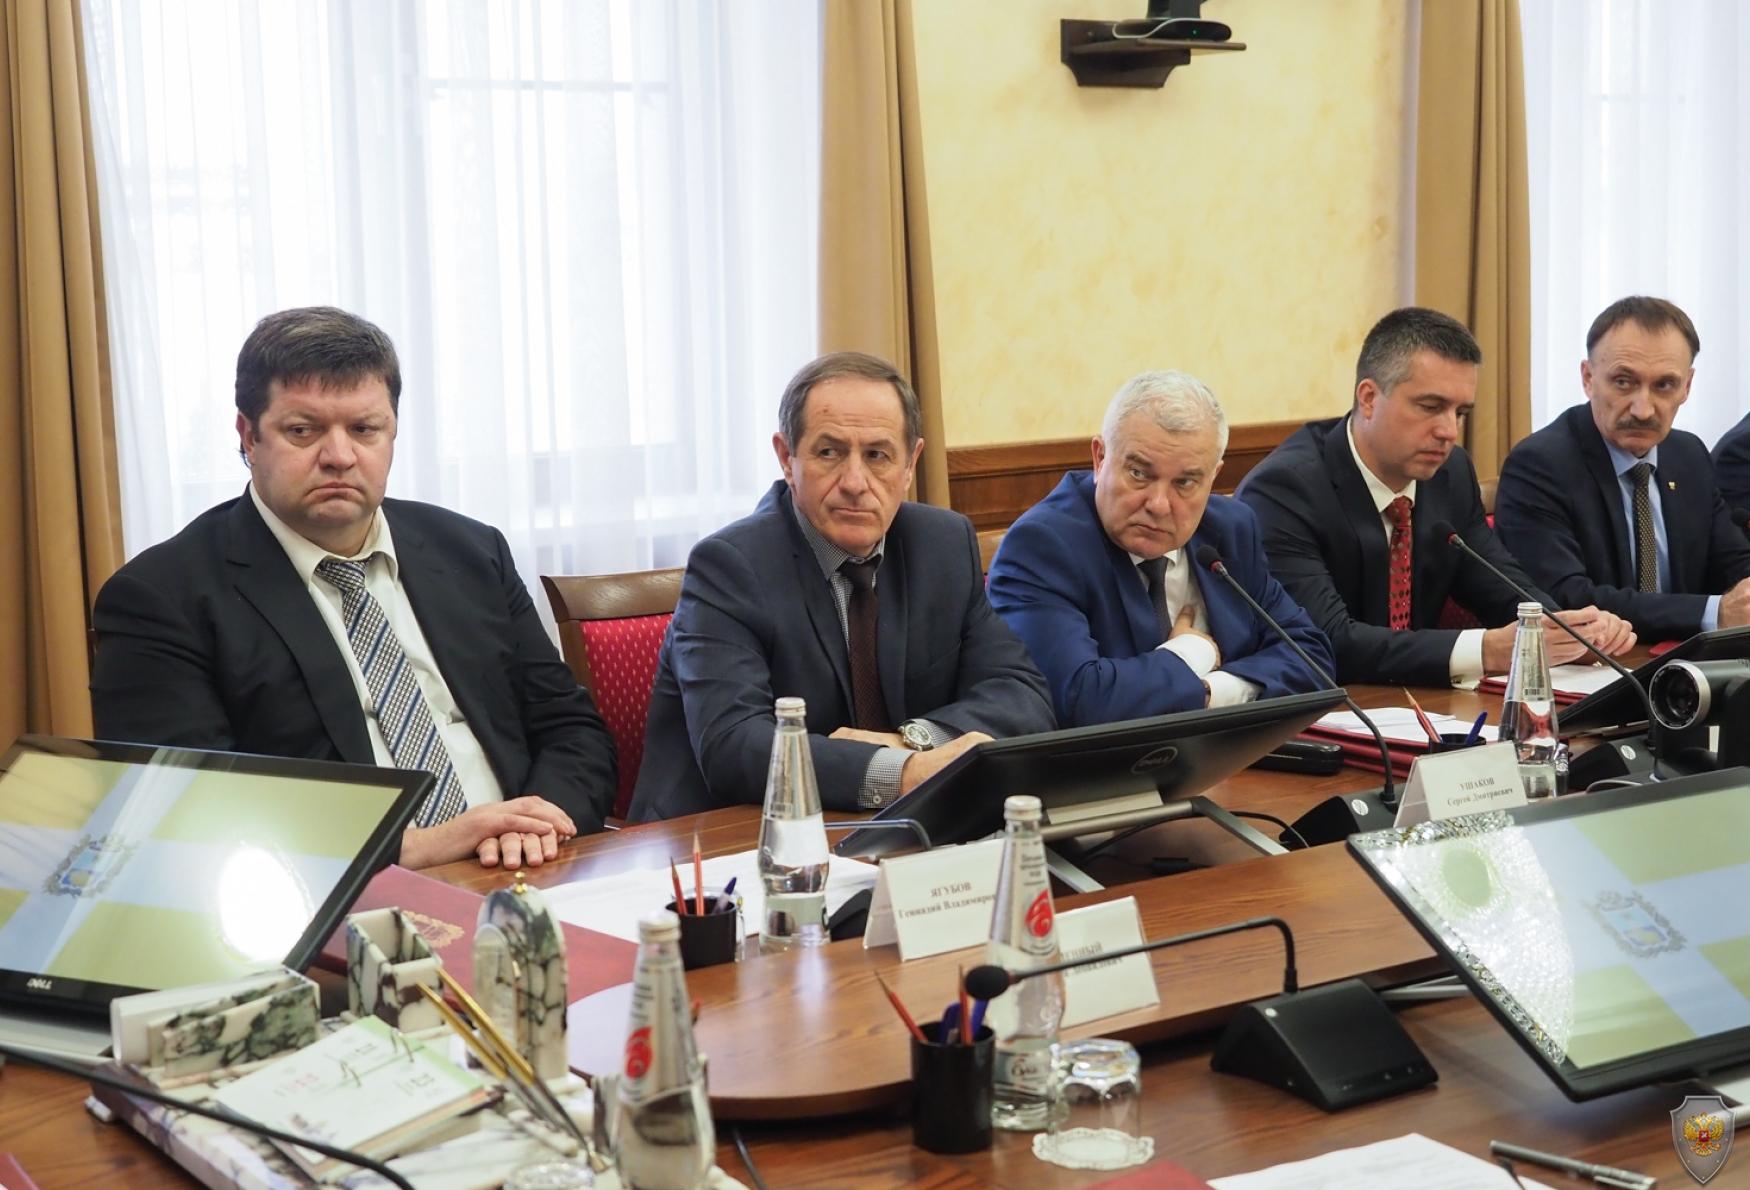 Под председательством Губернатора Владимира Владимирова состоялось совместное заседание антитеррористической комиссии края и регионального оперативного штаба
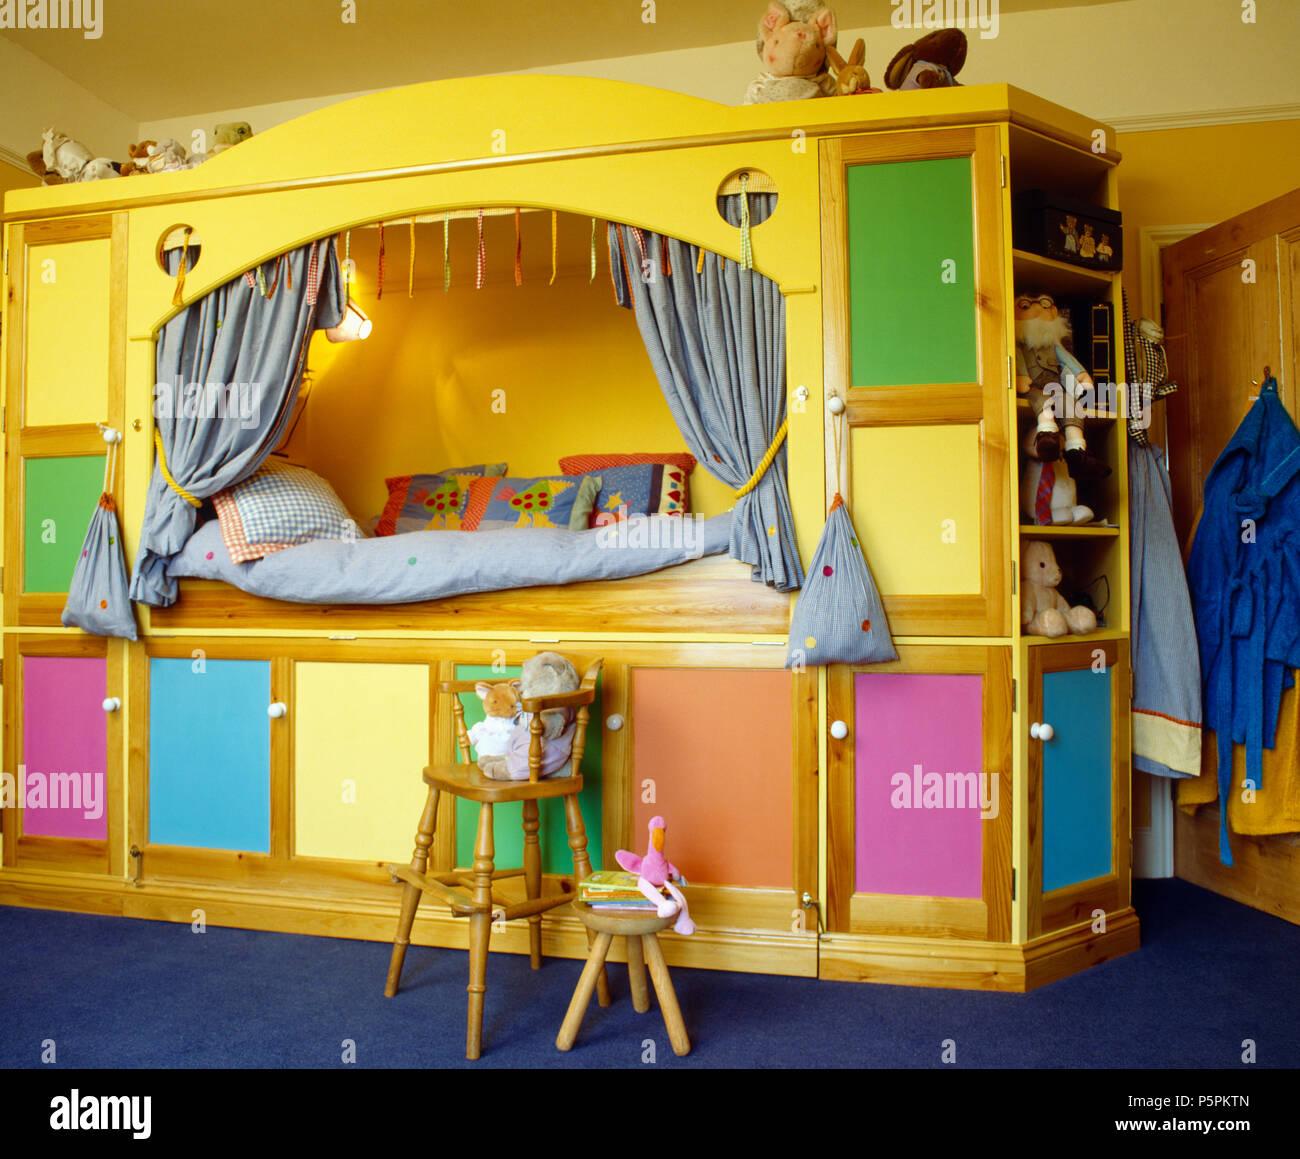 Gelbe Integrierte Plattform Bett Mit Bunten Turen Auf Stauraum Unter
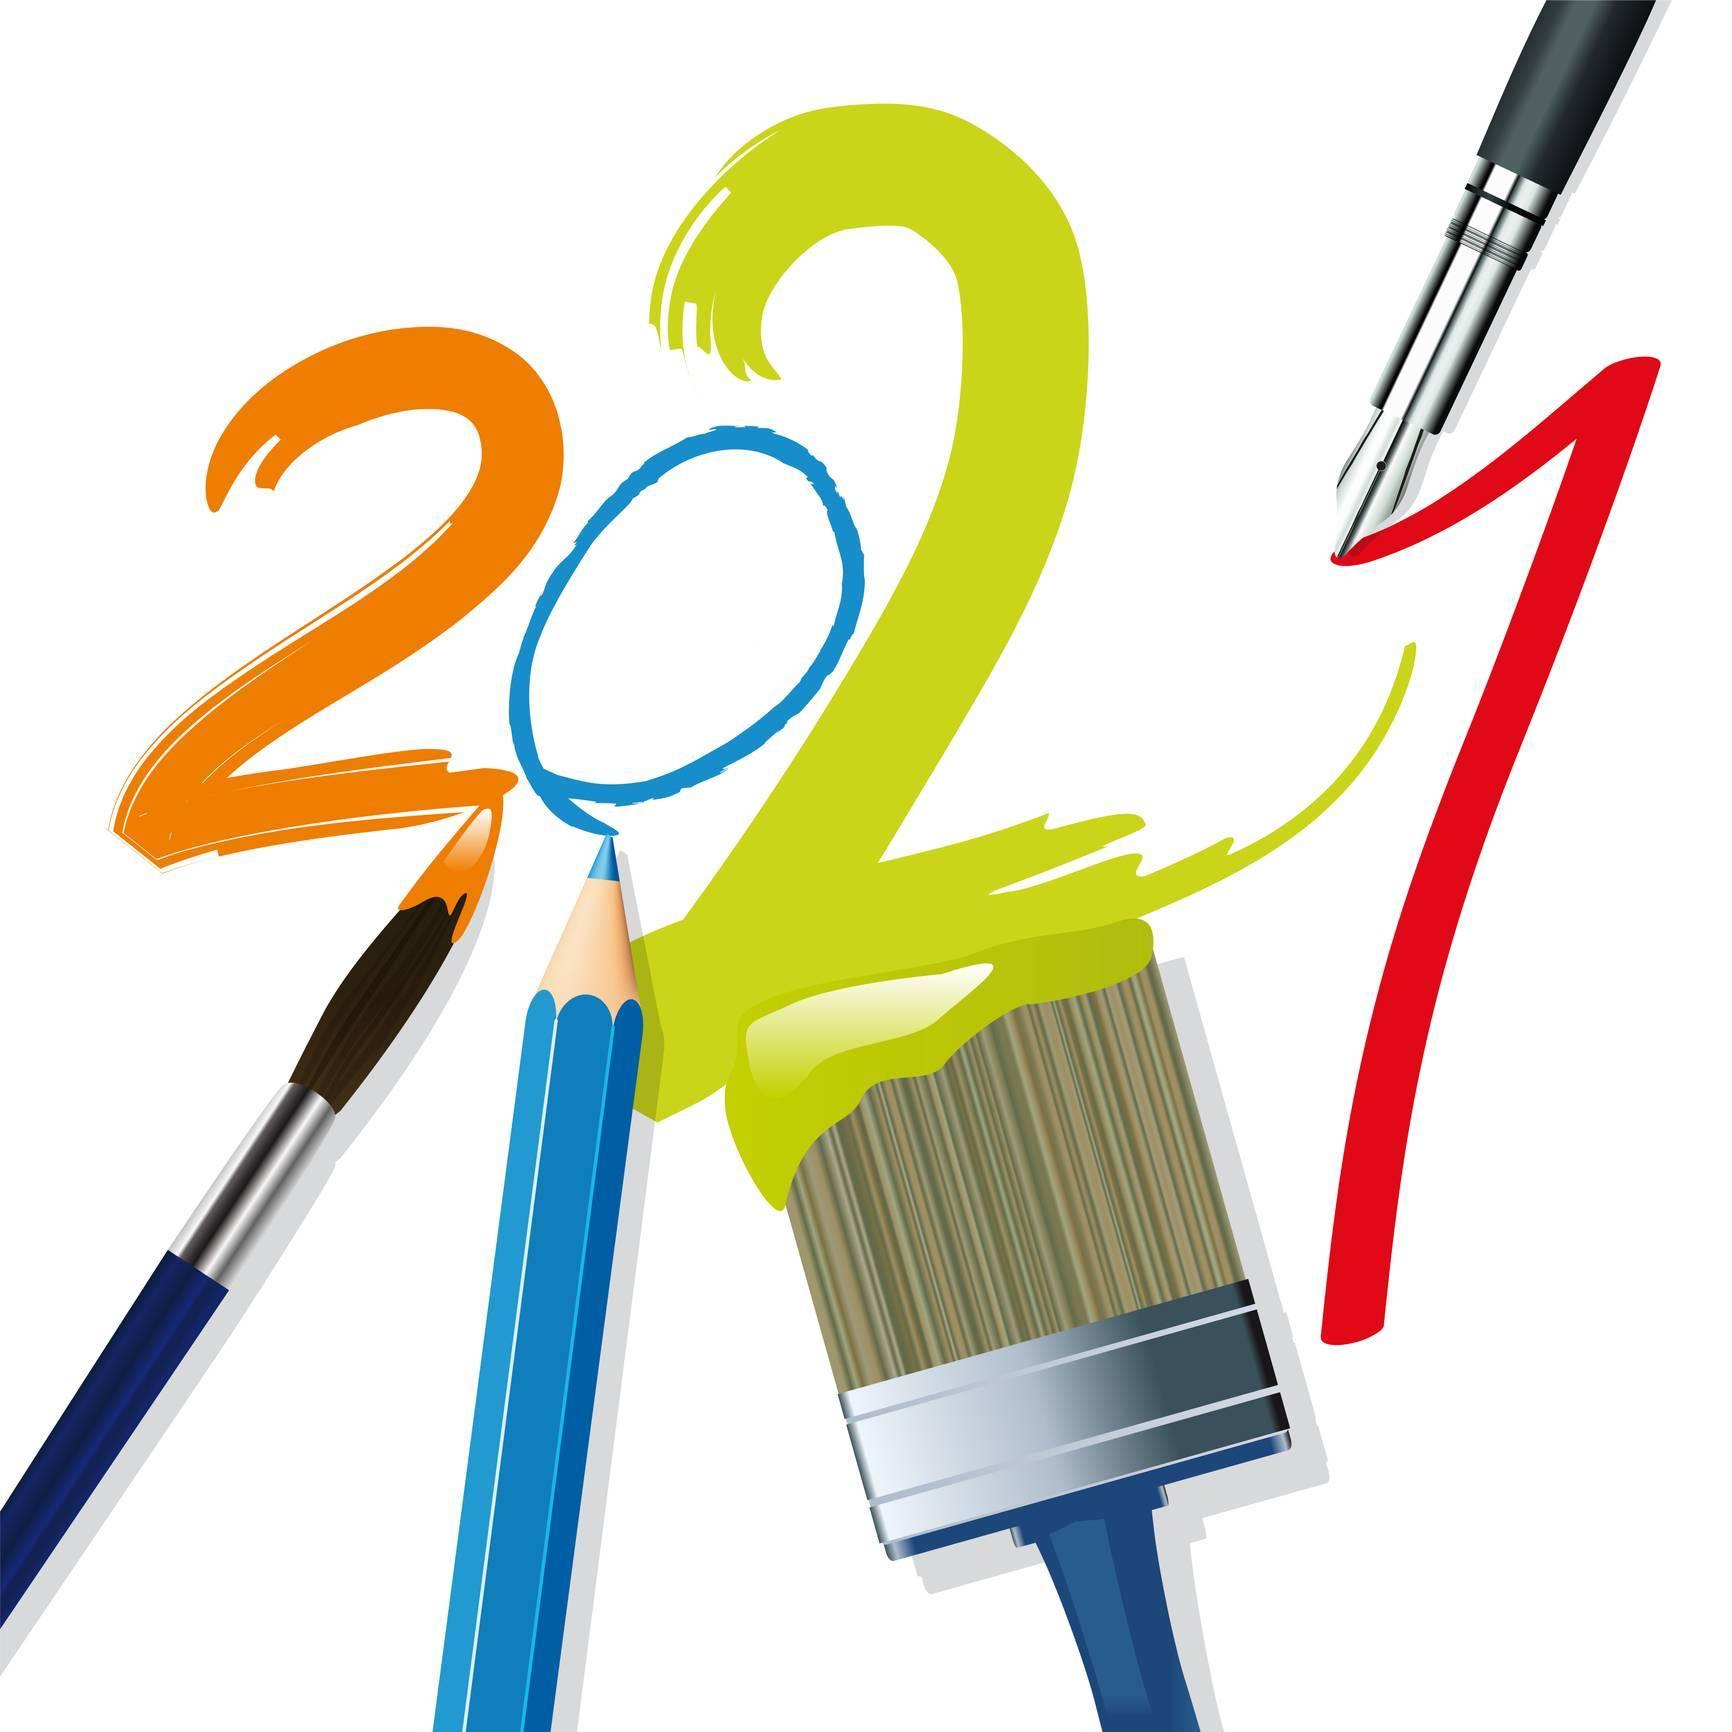 création logo tendance graphique 2021

• **Exercise**
Beginning at the line with "Gelbe Integrierte Plattform" and ending at the last line of the listing above, retype each line exactly, including those two lines. Leave the pictures out.

• **Answer section**
 Gelbe Integrierte Plattform Bett Mit Bunten Turen Auf Stauraum Unter
 création logo tendance graphique 2021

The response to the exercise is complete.